- _Work instructions_
What you give must be the lines from the one containing "迪拜派拉蒙酒店舞台客房" through the last line of the listing below, exactly, with nothing else and no pictures.

- _Raw data_
• • • •

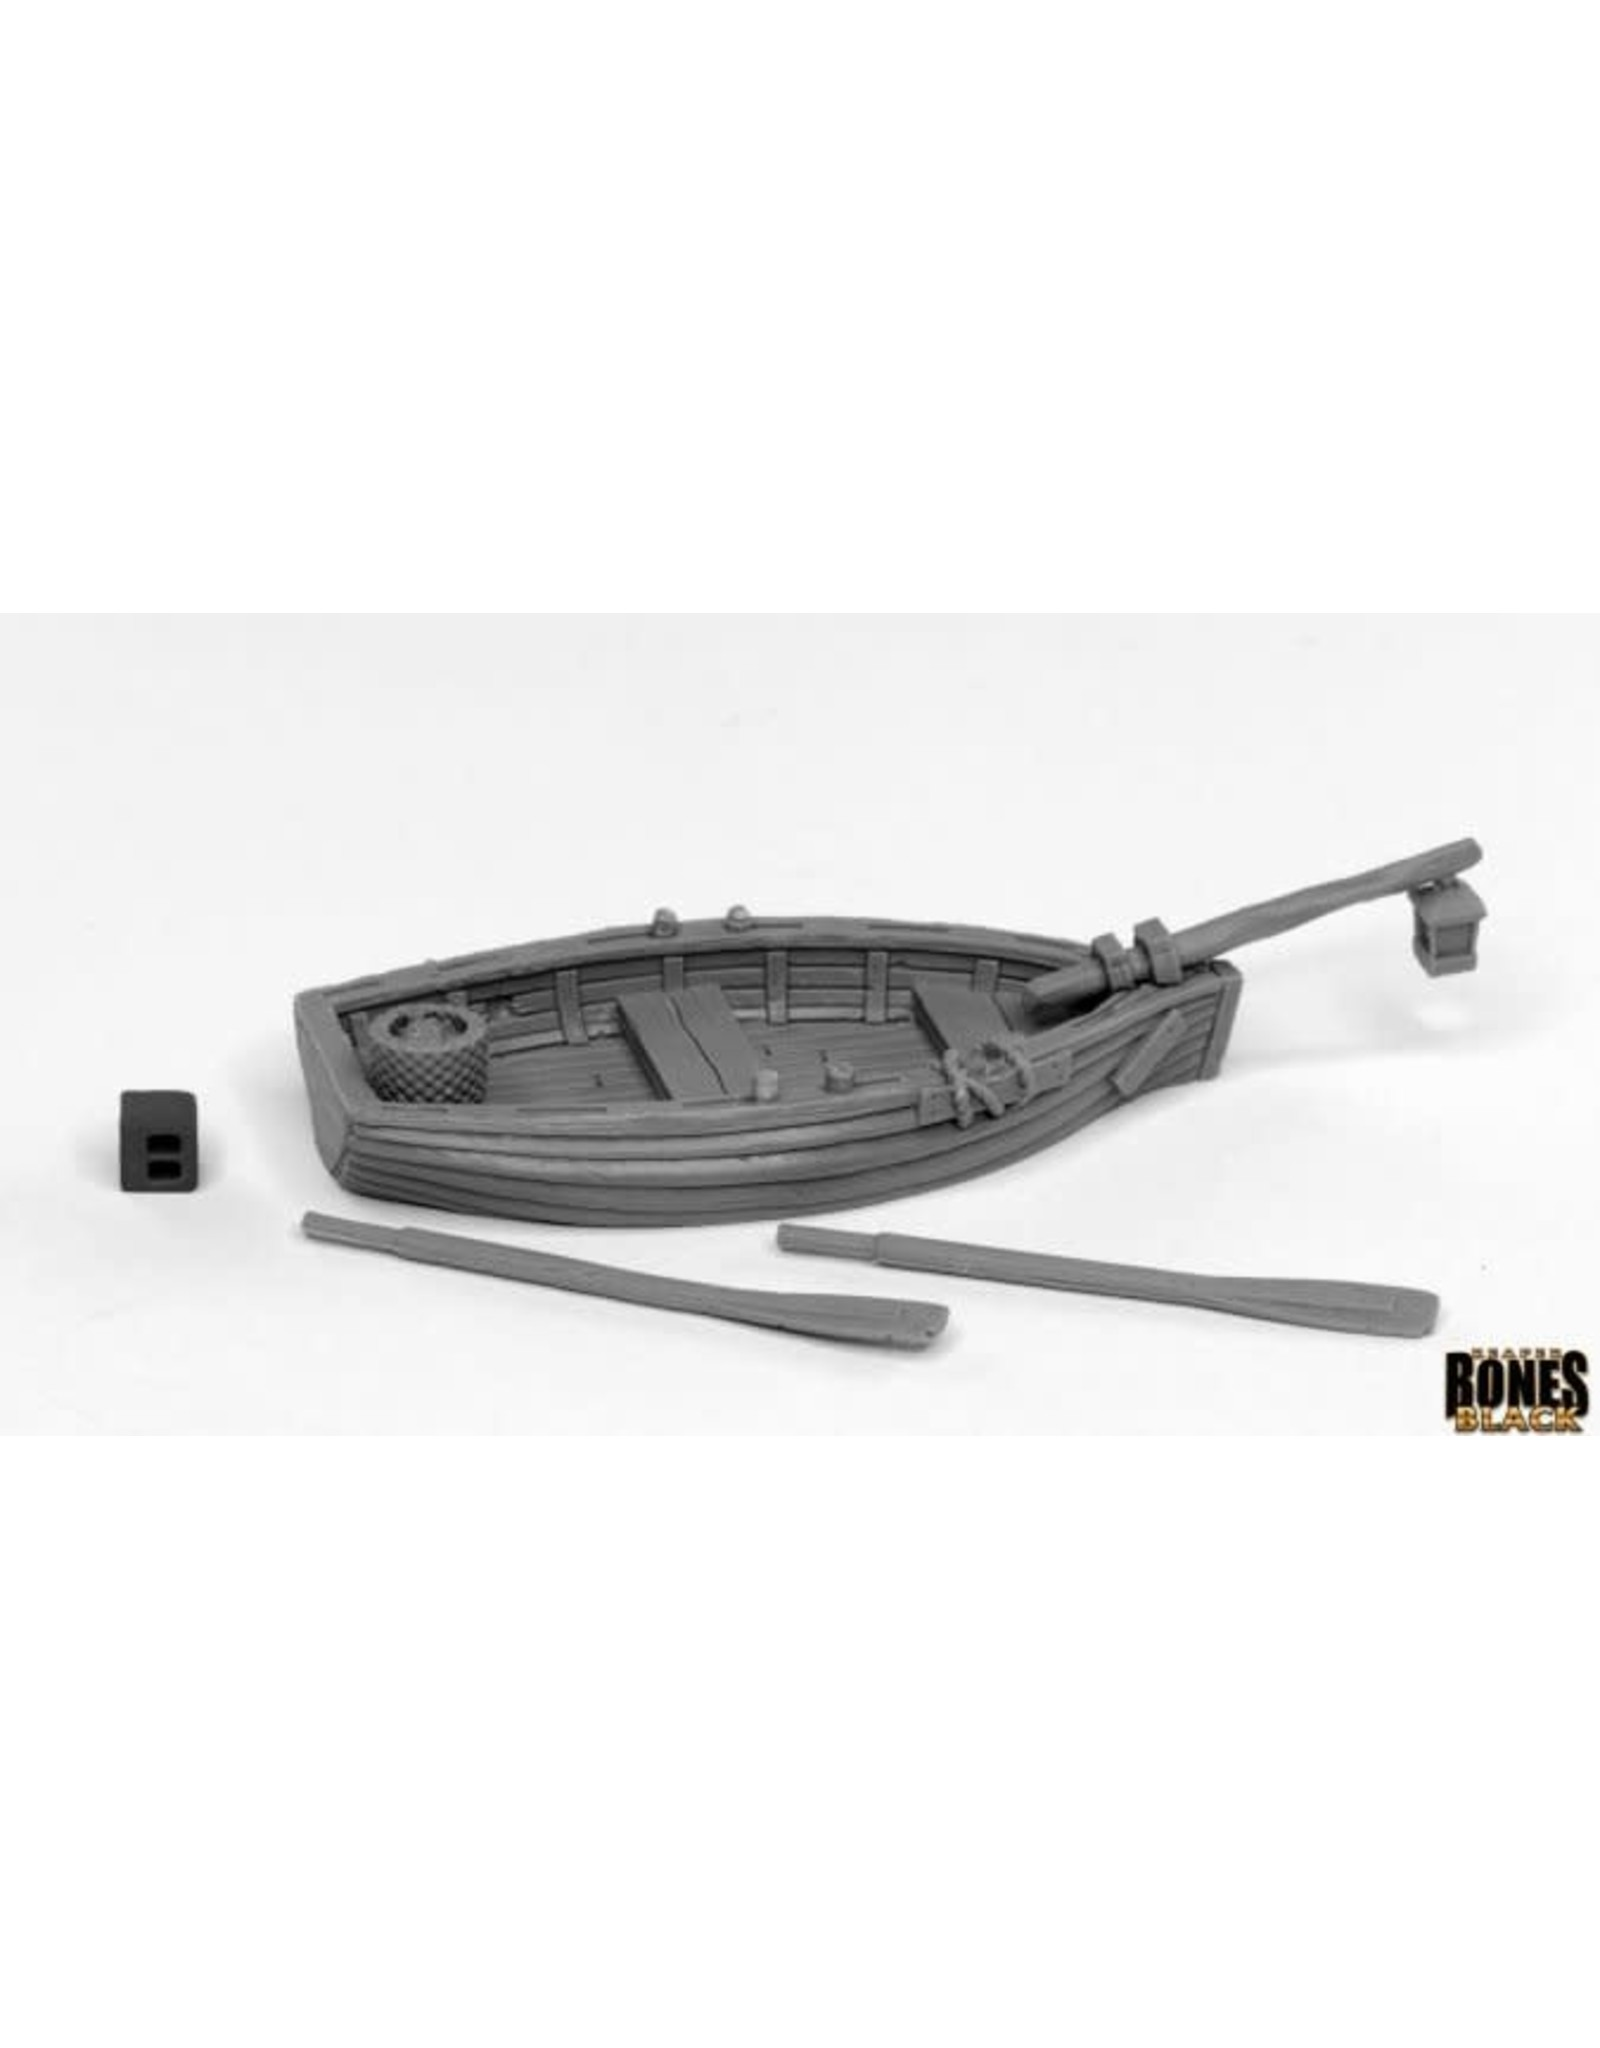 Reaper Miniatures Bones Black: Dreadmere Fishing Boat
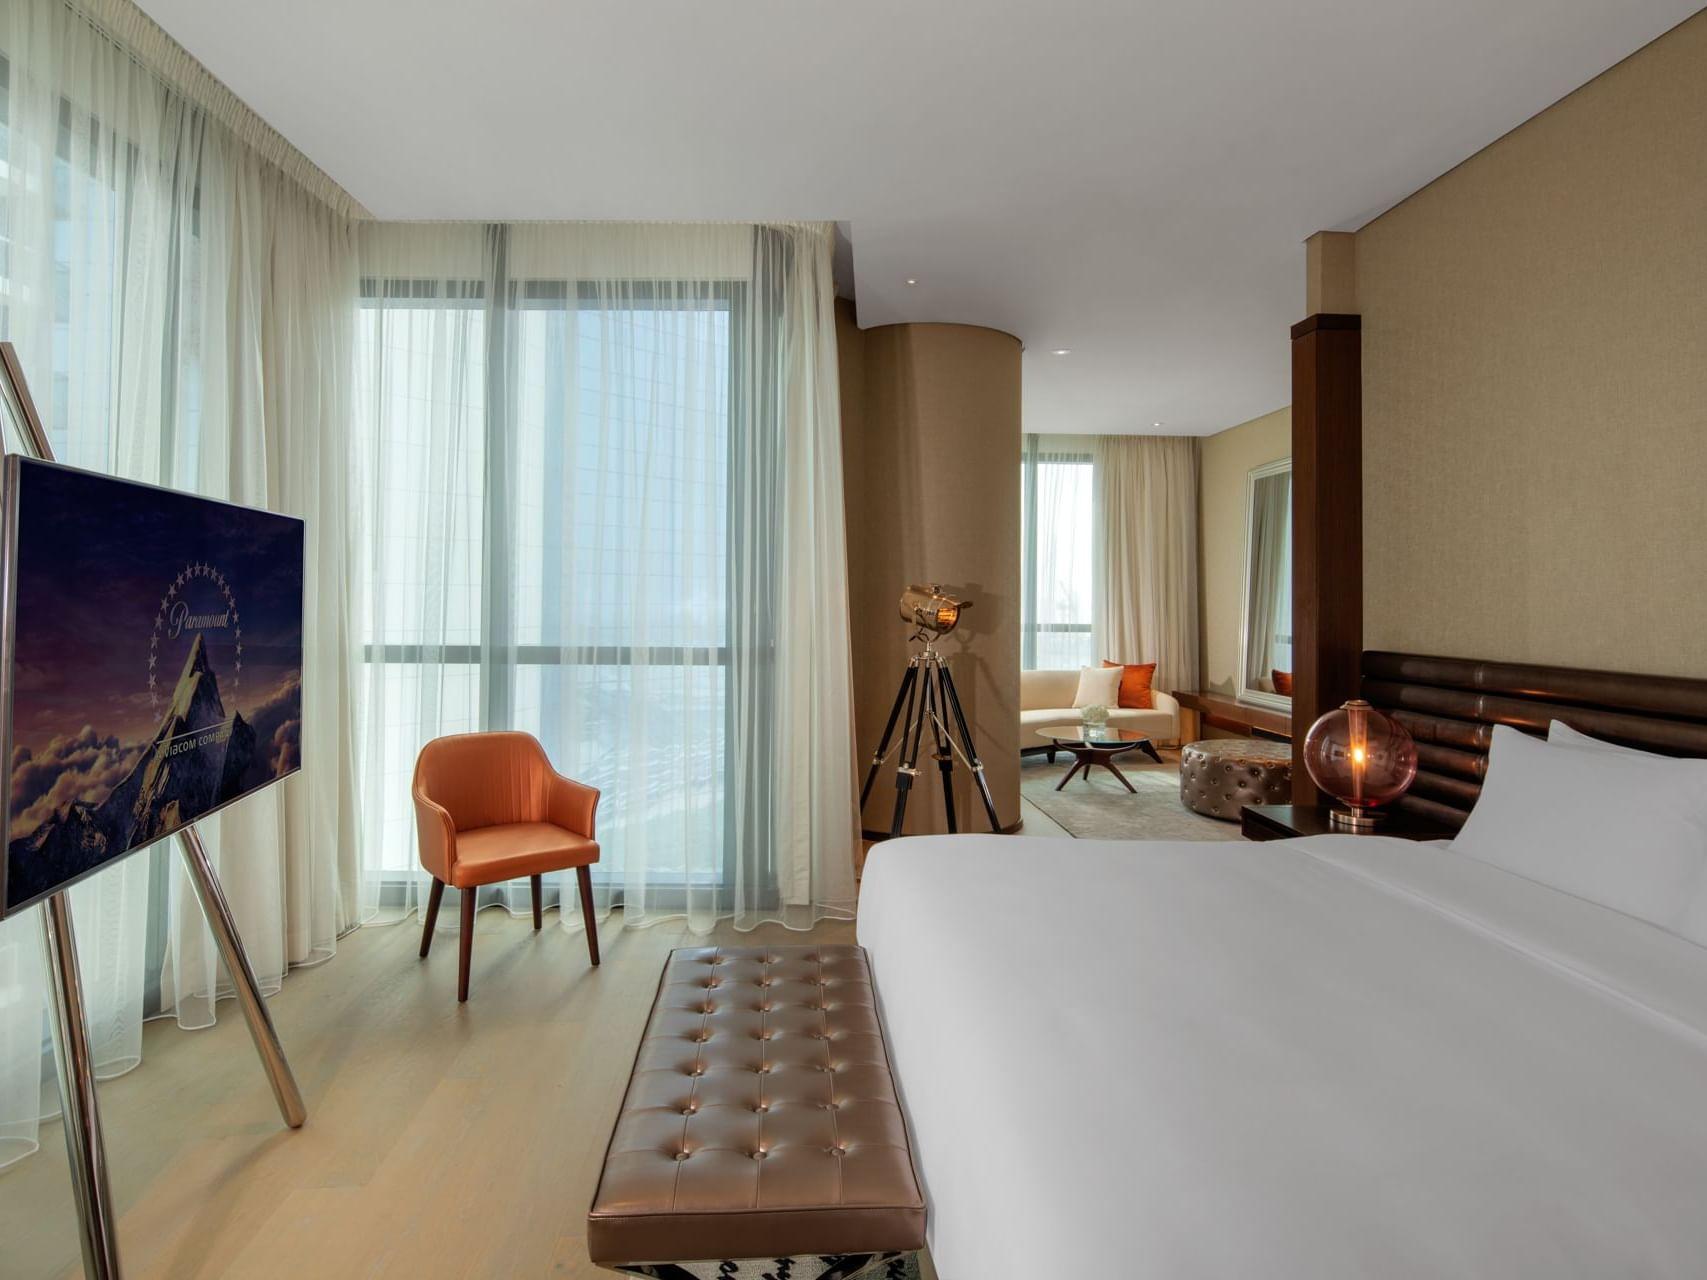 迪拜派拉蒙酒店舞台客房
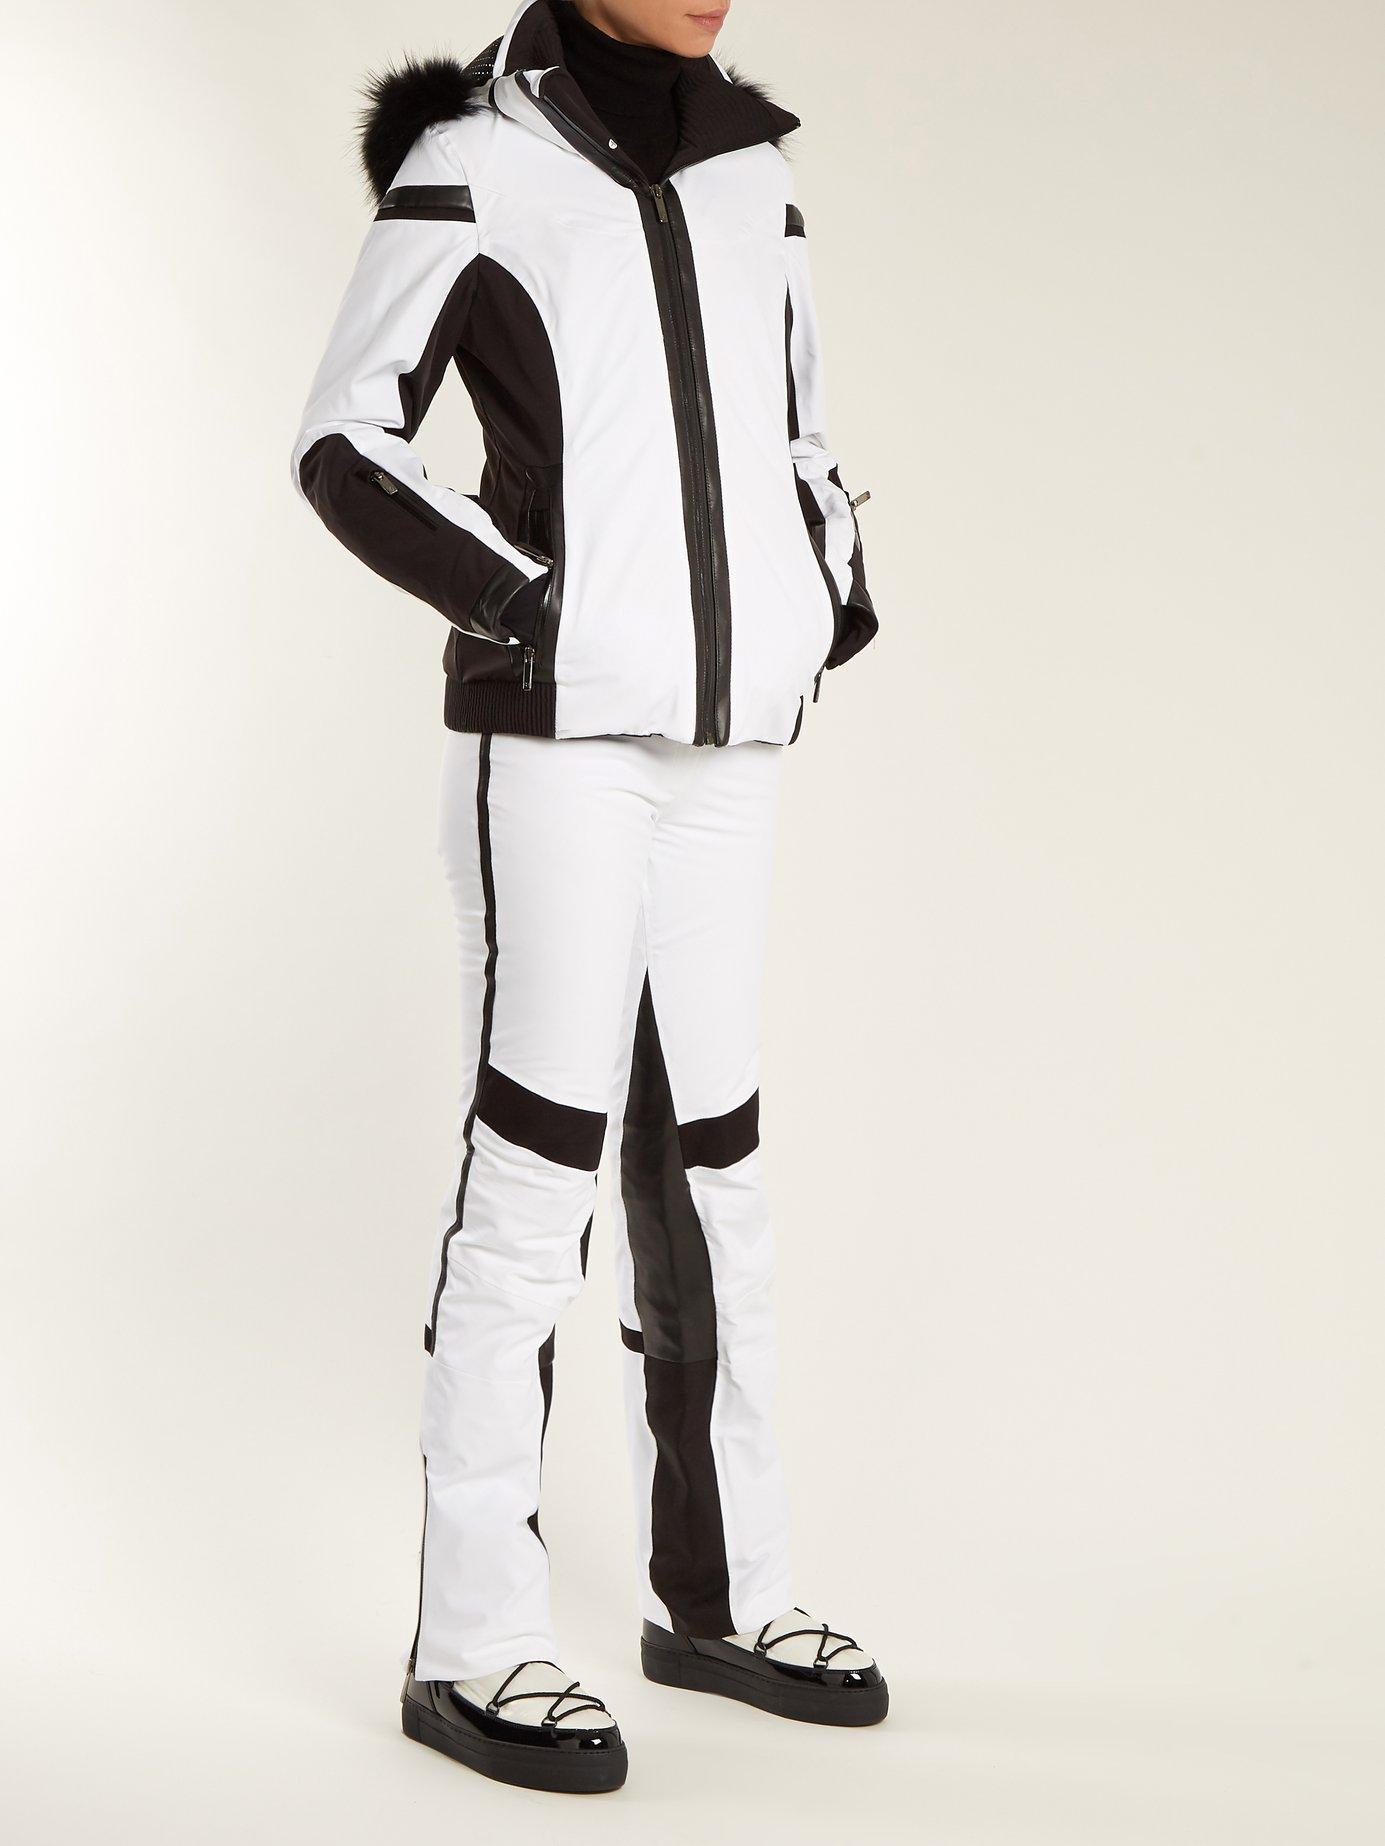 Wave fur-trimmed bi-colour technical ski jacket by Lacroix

• • • •

- _Response area_
 迪拜派拉蒙酒店舞台客房
 Wave fur-trimmed bi-colour technical ski jacket by Lacroix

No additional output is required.